Job interviews are incredibly ineffective; you don’t know what someone’s made of until you’ve put them through their paces. And if you caught someone early that you like they might still be available (or perhaps easily poachable) when you come calling.

Unfortunately this year we literally ran out of space in our office so had to suspend the program. It will begin again.

“Intelligence” = Negativity

One quick aside.  Last year, the more bearish you were on Under Armour, the better a team scored.  But guess what?  Under Armor rose 15% in the last 7+ months — the team that finished last had the result that was the best, and the winner did the worst.  I know many of my readers don’t like Jim Cramer, but one thing that he said shines through here: “The bear case always sounds more intelligent.”  The same is true in the biases of judges for academic competitions.
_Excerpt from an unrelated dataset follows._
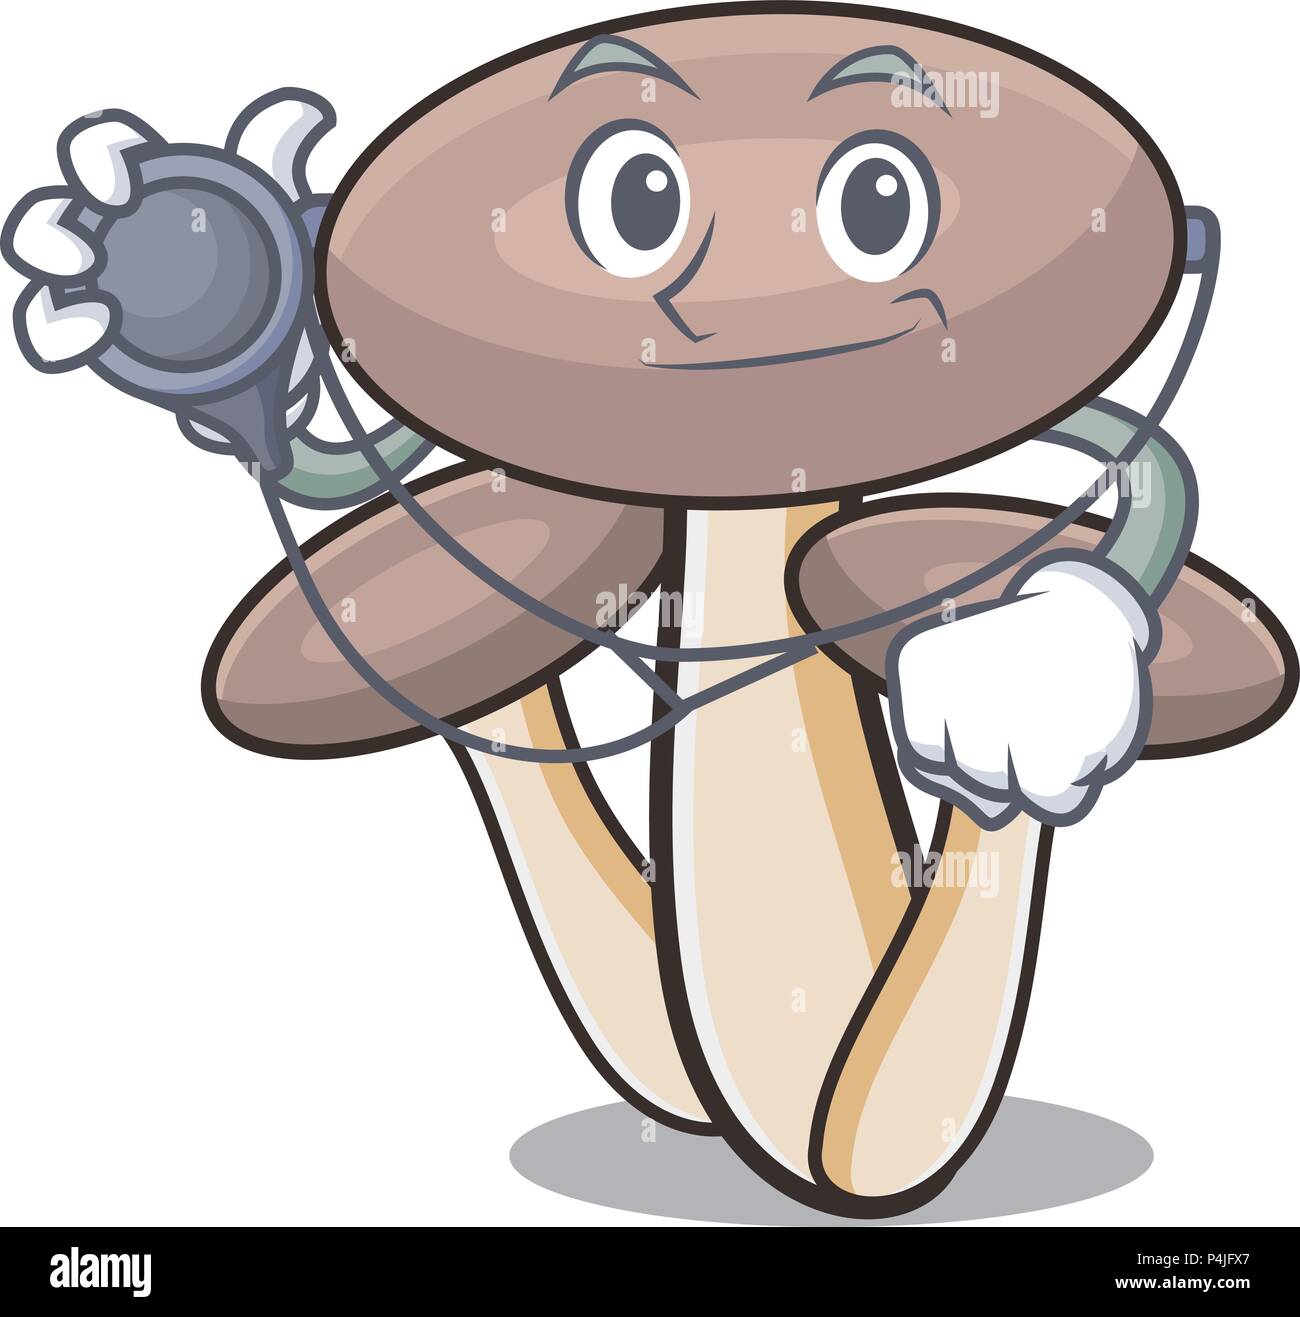 Doctor honey agaric mushroom character cartoon Stock Vector
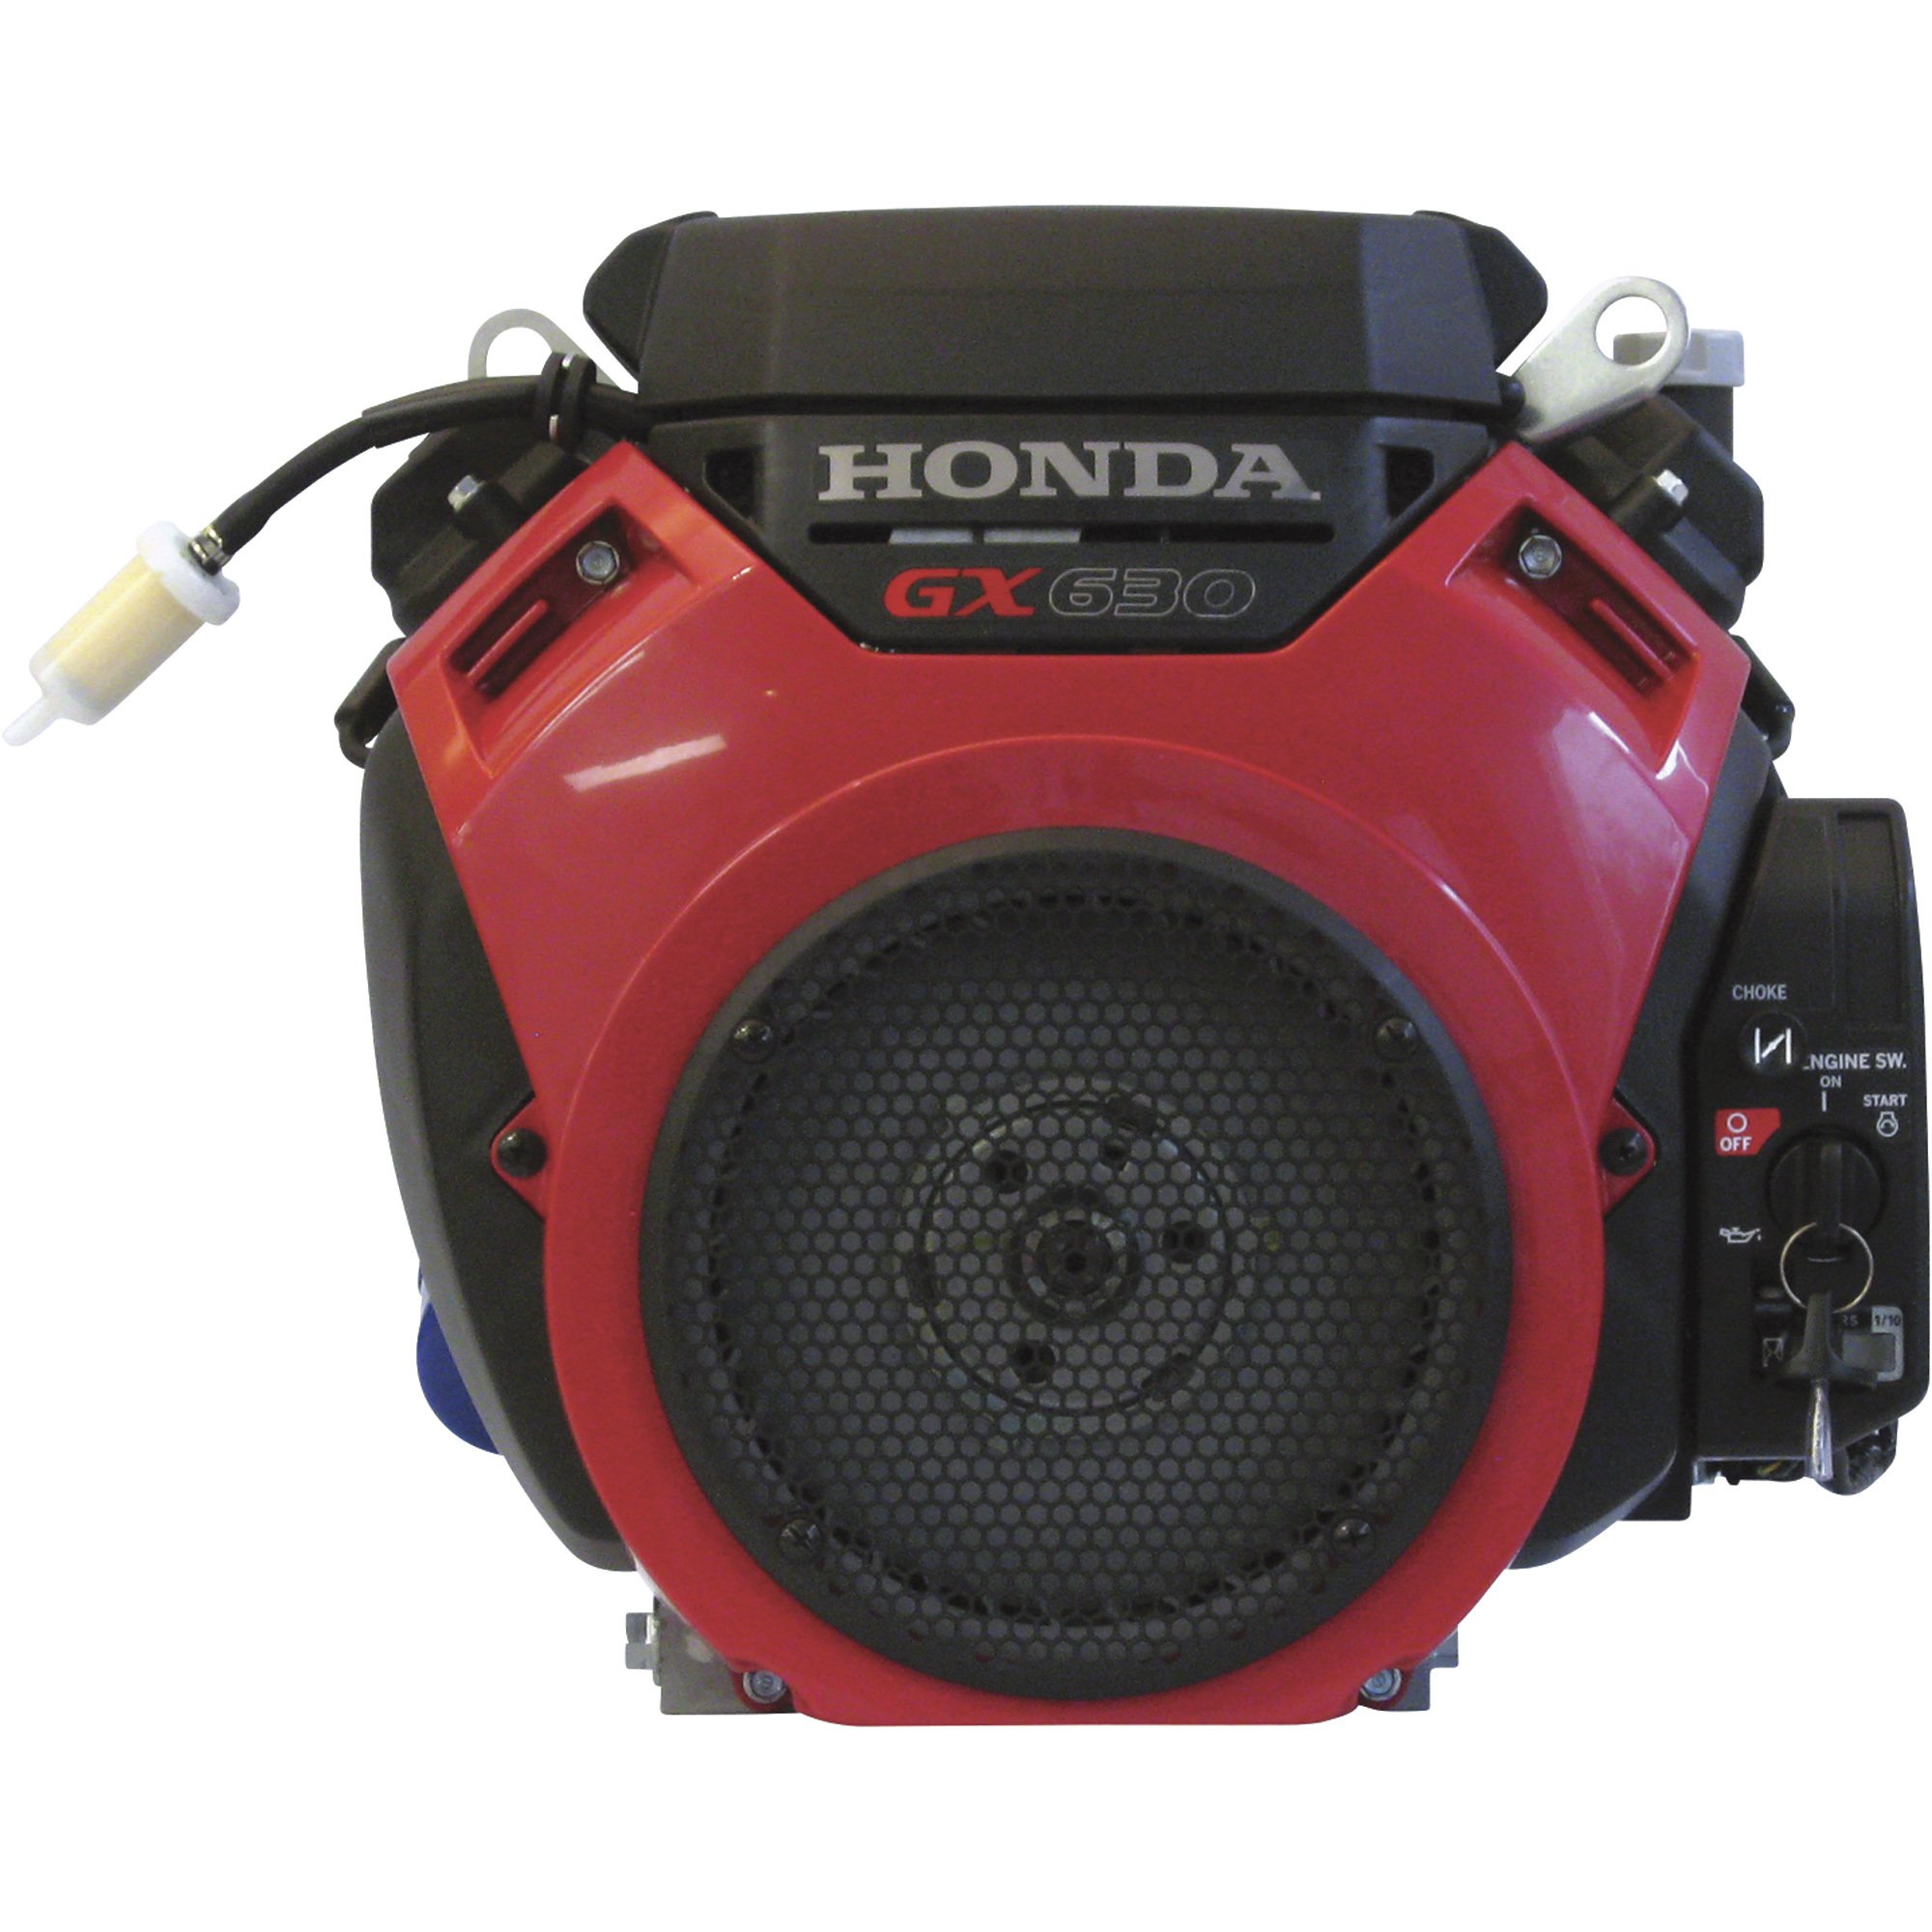 Honda V-Twin Horizontal OHV Engine with Electric Start — 688cc, GX Series,  Model# GX630RHVXE1

That’s David Merkel. I remember a professor at university who said that an MBA gives you a thousand reasons to say “no” to something but no ways of saying “yes”. We systematically overestimate the intelligence of two kinds of people: the articulate and the negative.

But trashing an idea is the easy way out. Being a smart booster is the most difficult job on earth. And the most lucrative.

Two Lessons From Iron Mike

Mike Tyson is my favorite boxer. Obviously this has something to do with his in-ring feats, sure, but everything that’s interesting about him comes from his mind. He has one of the most interesting and powerful minds on earth. Seriously.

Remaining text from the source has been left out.